▸ **ENTRIES SUPPLIED**
|---|

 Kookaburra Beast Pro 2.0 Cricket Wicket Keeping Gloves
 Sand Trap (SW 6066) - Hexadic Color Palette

|---|

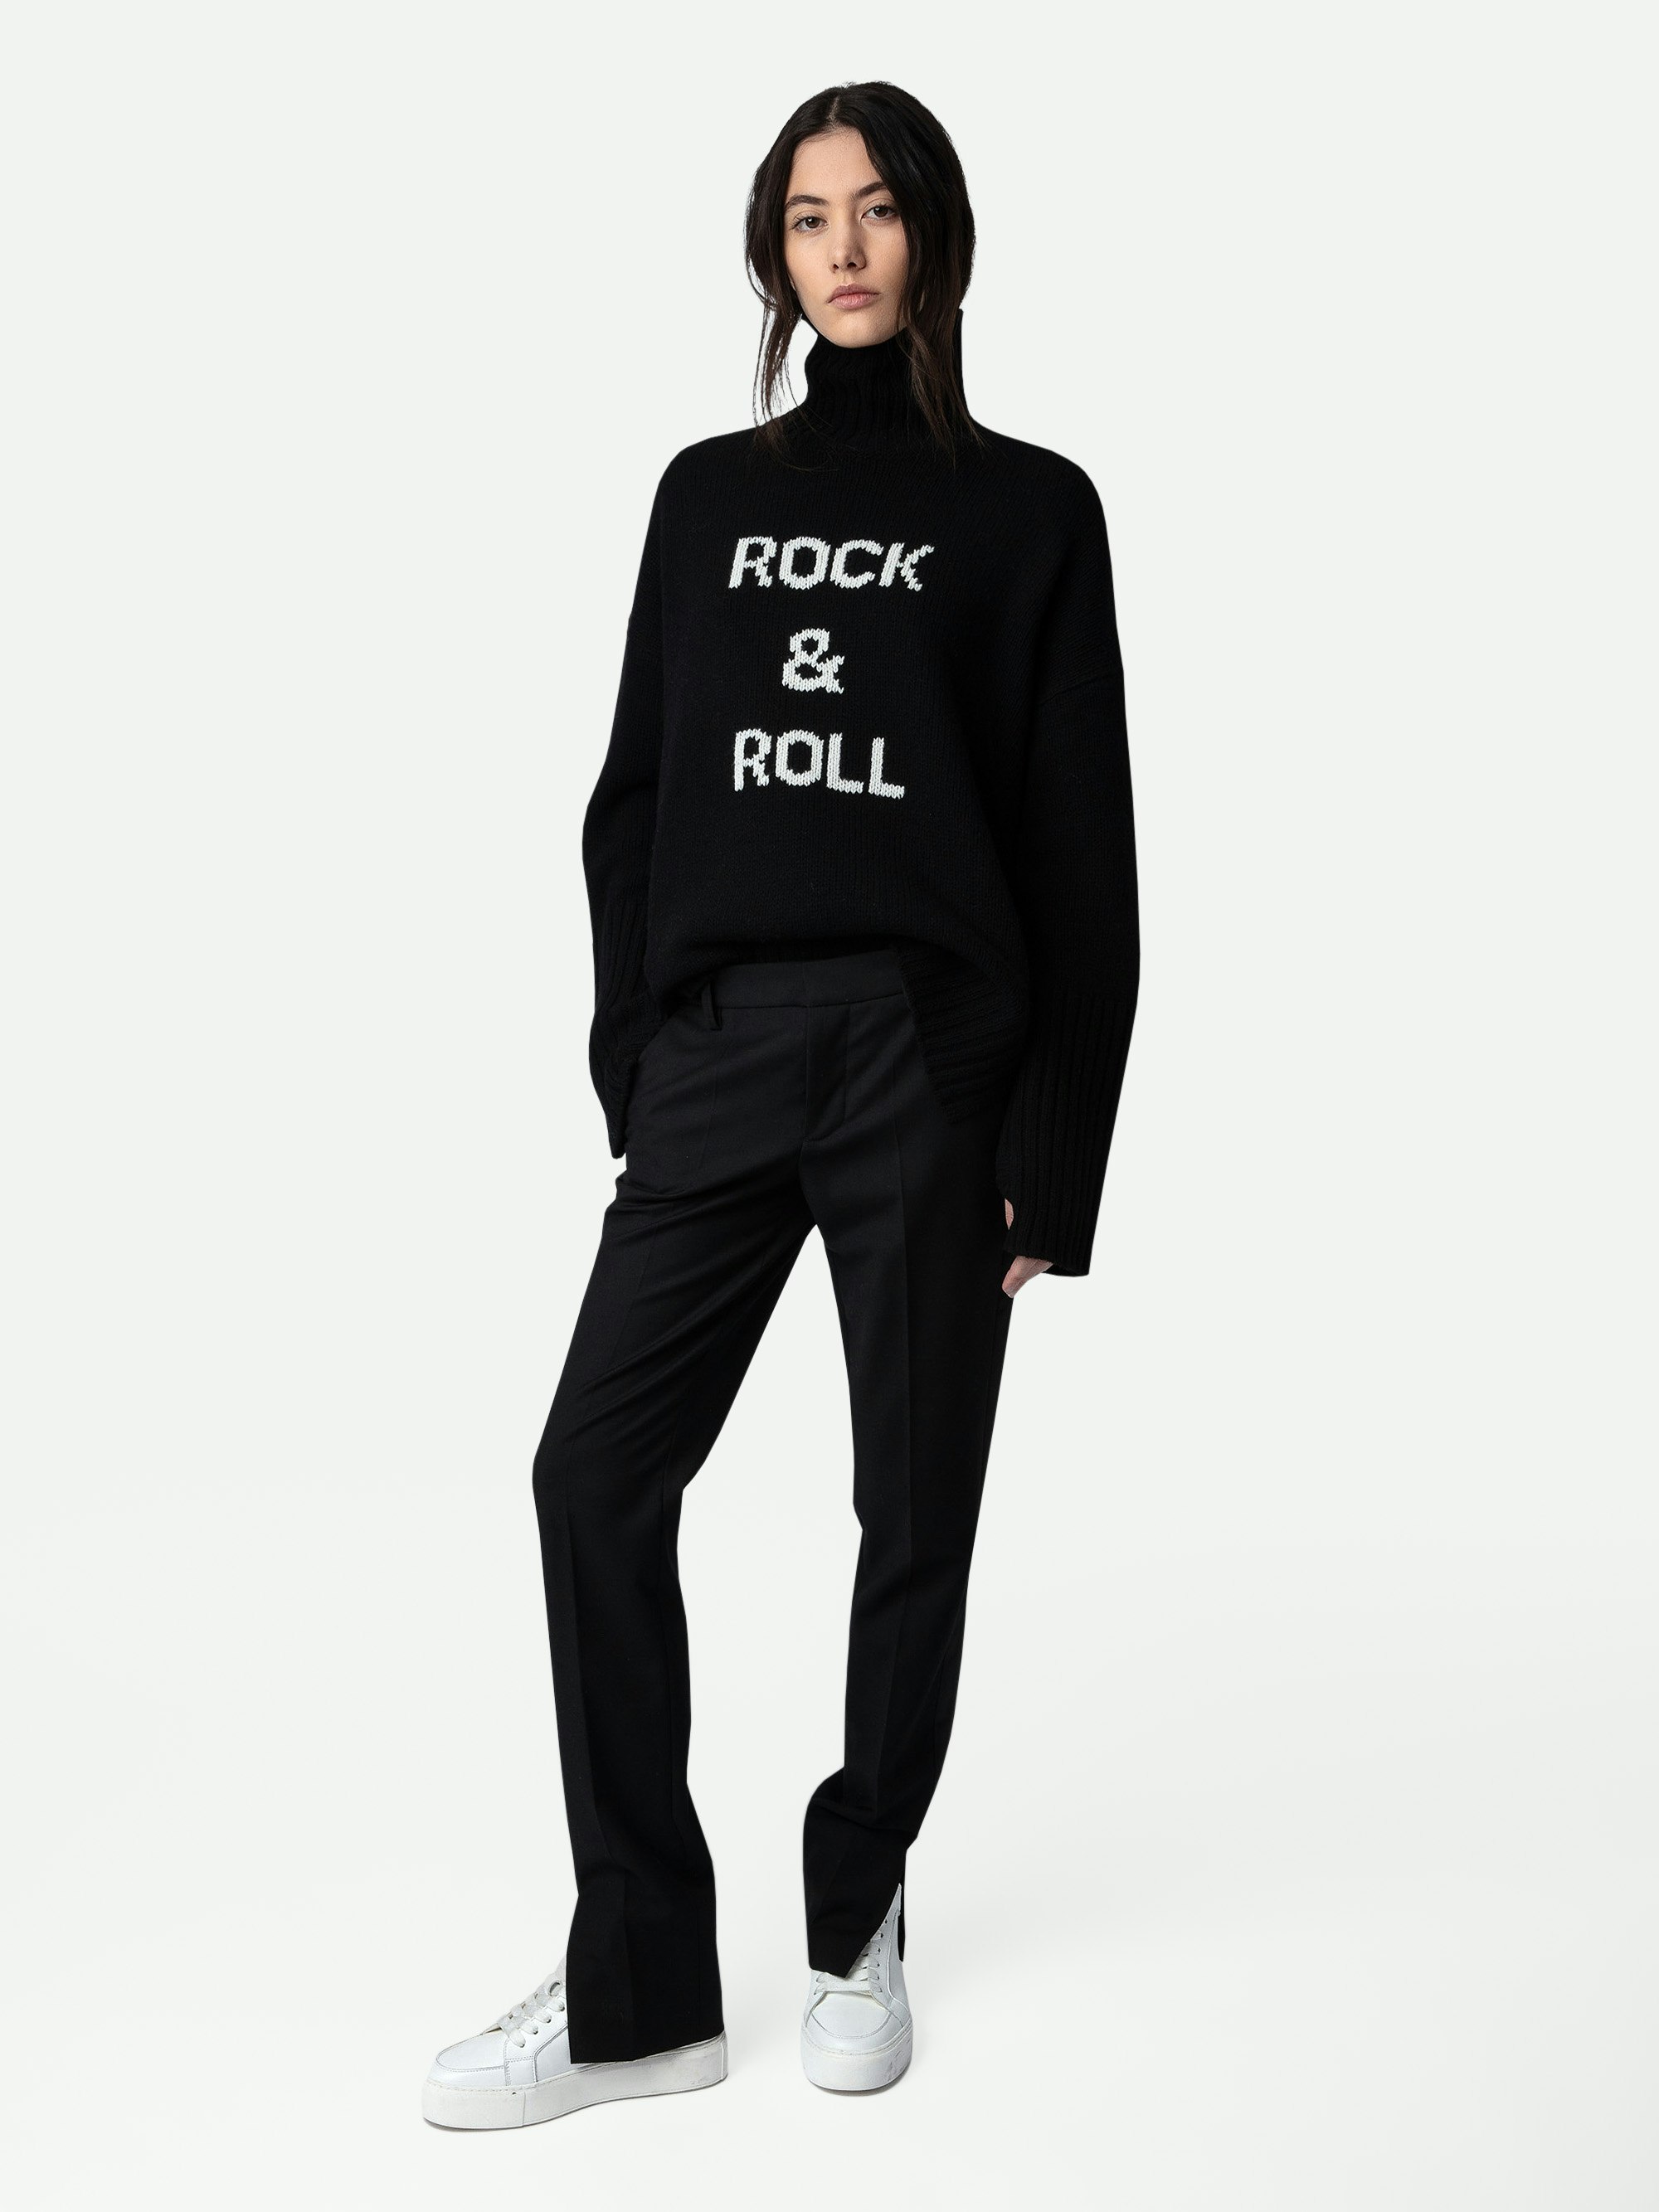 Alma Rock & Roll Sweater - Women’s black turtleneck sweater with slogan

|---|

▸ **TRY IT**
Out of the data above, transcribe exactly and only the lines starting with the line that has "Kookaburra Beast Pro" and going on through the line that has "Sand Trap (SW 6066) - Hexadic Color Palette", both included.

▸ **WRITTEN ANSWER**
 Kookaburra Beast Pro 2.0 Cricket Wicket Keeping Gloves
 Sand Trap (SW 6066) - Hexadic Color Palette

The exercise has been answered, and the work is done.